Slaves of New York (Crown) is a collection of stories—which passes rather nicely for a novel—written in a plain, dry, matter-of-fact prose. The voice is most often Eleanor's, and I don't remember when I've met such a depressingly dull individual before. But the interesting aspect of this uninteresting woman is that she is on the scene, part of New York's current, trendy downtown nightlife—the scene that is supposed to be excitement itself.

Only, no one in Slaves of New York seems to be having much fun. I was shocked. Until I realized that I don't have much fun either. The fashion models, artists, gallery owners—all disguised in the book—are just people who take showers, have parents, get upset stomachs, temporarily lose the will to live, and fall in and out of unfortunate relationships. "I'm madly in love," says one of Janowitz's characters. "It's so depressing." Even the pets here, mostly cats and dogs, are annoying, deranged, or crippled. But Slaves of New York grows on you, like a minutely detailed soap opera starring people you actually might know.

Stephen Saban

Elias Canetti is the Bulgarian-born playwright, novelist, and historian who in 1981 received the Nobel Prize in Literature. His life has found its most limpid expression in his memoirs, of which The Play of the Eyes (Farrar, Straus and Giroux) is the third and best volume. In it, Canetti describes his adventures as a young writer in Vienna on the eve of the Nazi invasion. He knew everyone: Alban Berg, Stefan Zweig, and Robert Musil all make brief (and often shockingly vivid) appearances.

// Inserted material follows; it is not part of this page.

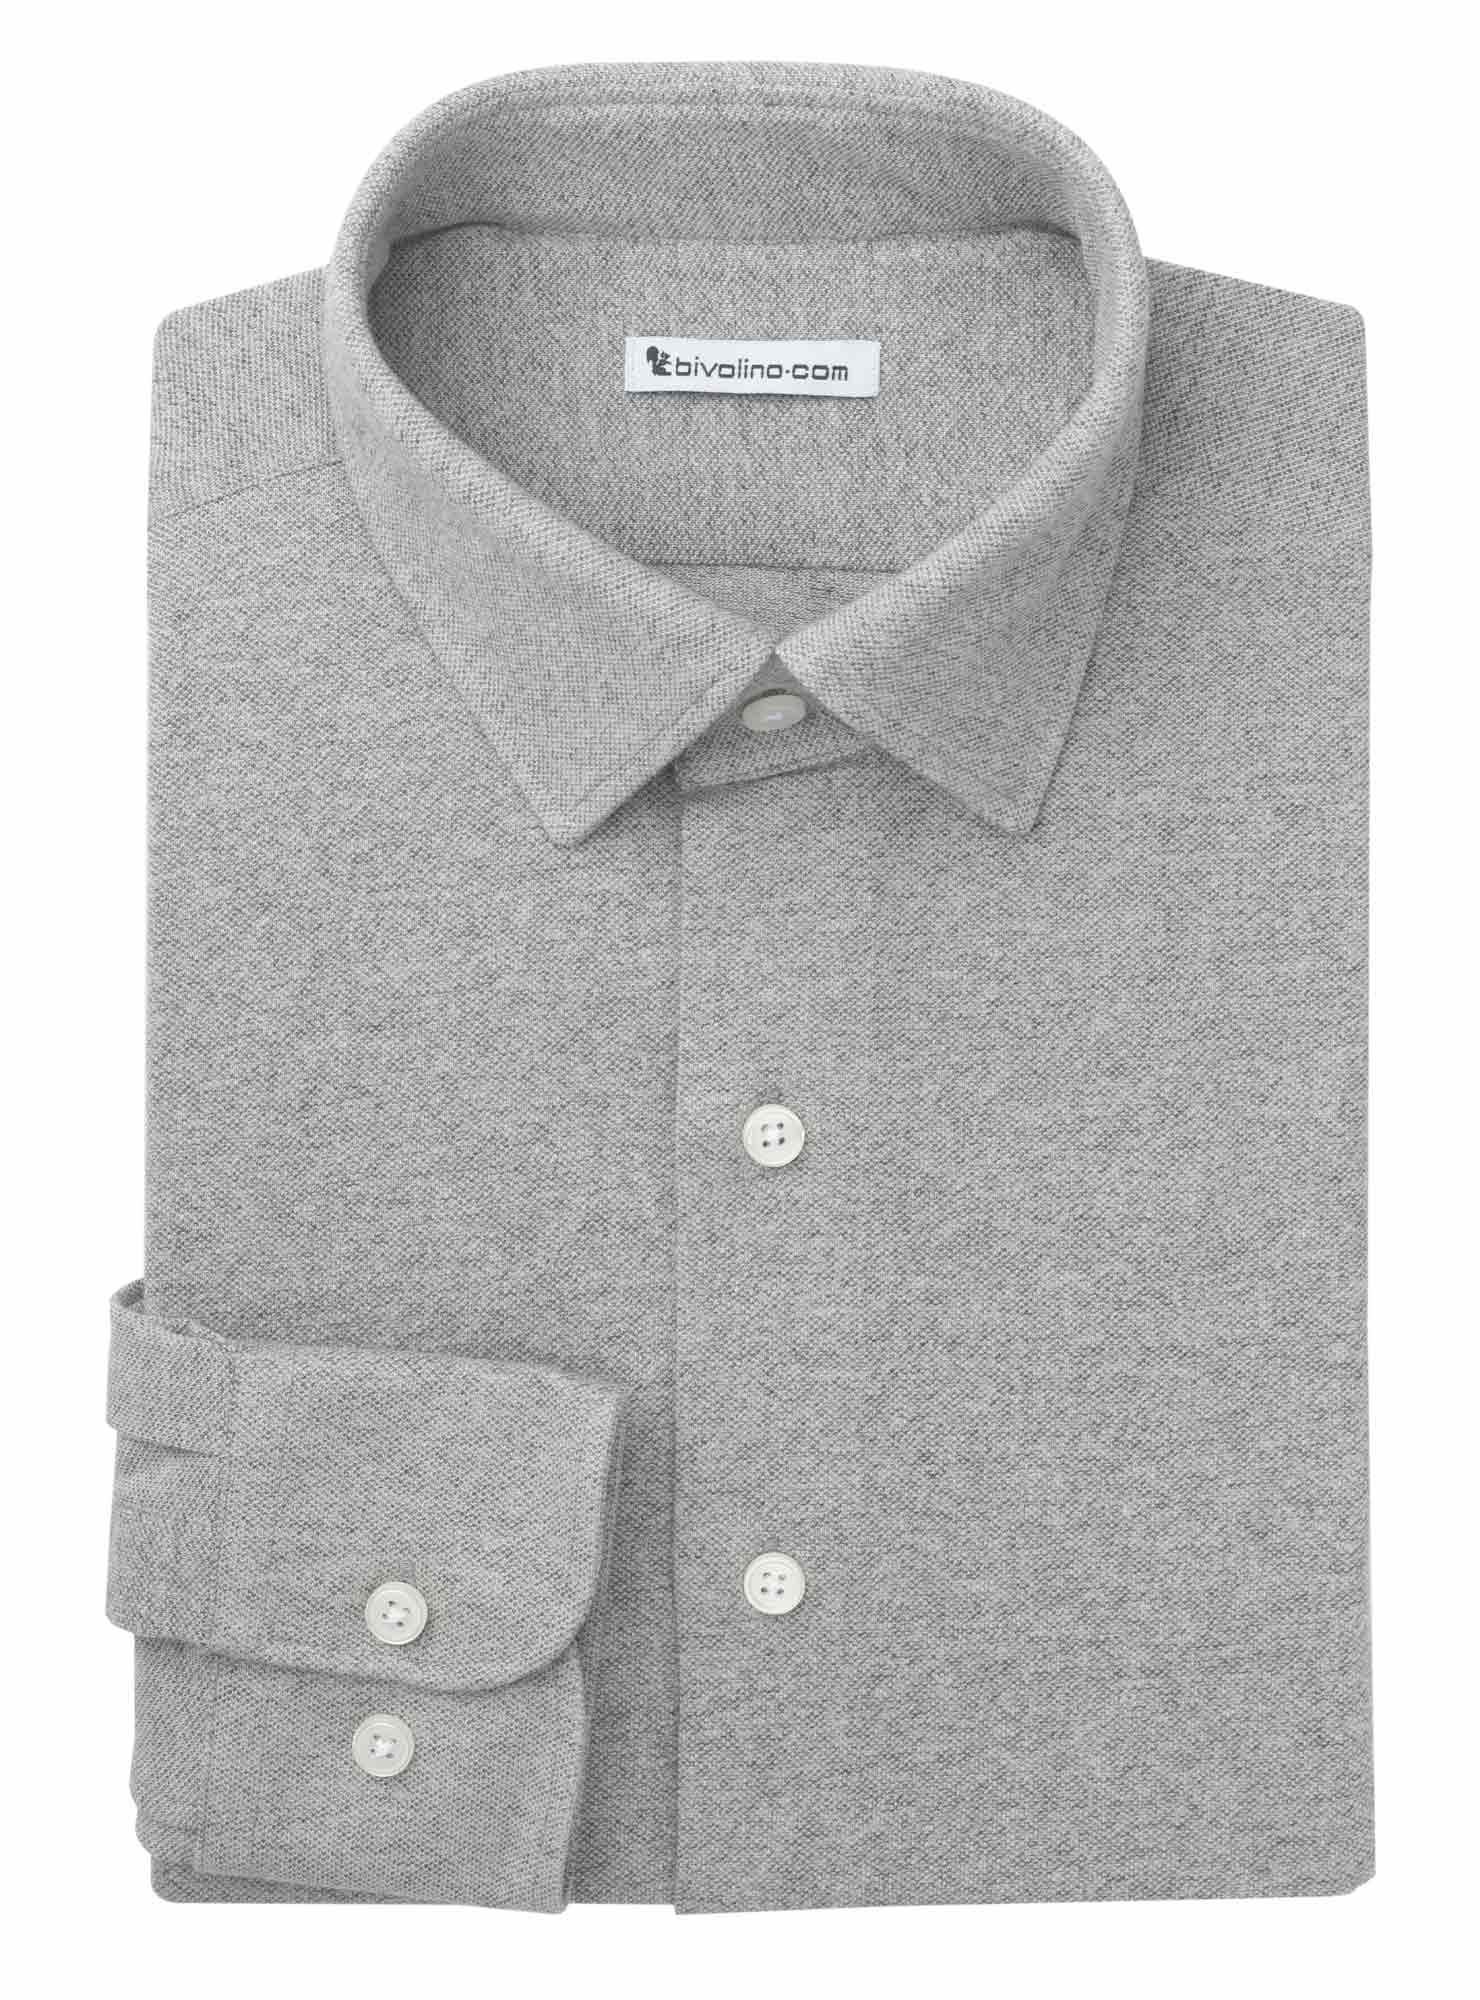 FORLì - 100% Baumwolle Piqué Jersey grau Herren Hemd - JERSILI 3

Canetti is not only a charming memoirist but one whose very flaws become him. One of this volume's chief pleasures is its author's violent opinions: for instance, his scathing dismissal of psychoanalysis, and his ferocious caricatures of certain luminaries. (Of Alma Mahler's husband, the novelist Franz Werfel, he says, "His fat belly gurgled with love and feeling, one expected to find little puddles on the floor around him.")

Despite its occasional excesses of partisanship, this volume is a touching and often funny evocation of the period, enlivened by its author's gift for selfmockery and his grace as a miniaturist of both human frailty and human greatness.

Fernanda Eberstadt

Auberon Waugh, the waspish columnist for London's Spectator and son of Evelyn, deplores lesbians, old people, cripples, the poor. He finds toilet facilities for the disabled risible, and proposes that instead of issuing senior citizens discounts British Rail ought to charge the geezers more. A thoroughly disagreeable fellow, this Waugh.

Nothing is ever so simple. The voice that emerges from Brideshead Benighted (Little, Brown), a collection of Waugh's columns, is blunt, querulous, sarcastic, but somehow utterly engaging. A self-proclaimed "practitioner of the vituperative arts"—journalism— Waugh only masquerades as a curmudgeon. He may be a snob, but he spares no one his irony, not even himself. On a fact-finding mission to the slums of Liverpool, he reports: "My role has been to taunt the unemployed in pubs, lecture slum-dwellers in their pitiful homes . . . and generally make myself useful in an understanding of this delicate problem." So much for liberalism. On the important issues—religion, ethics, foreign policy—Waugh's true enemy is stupidity, of whatever ideological persuasion. "Genuine moral indignation is a rare and beautiful sight," he writes. Brideshead Benighted displays it in resplendent plumage.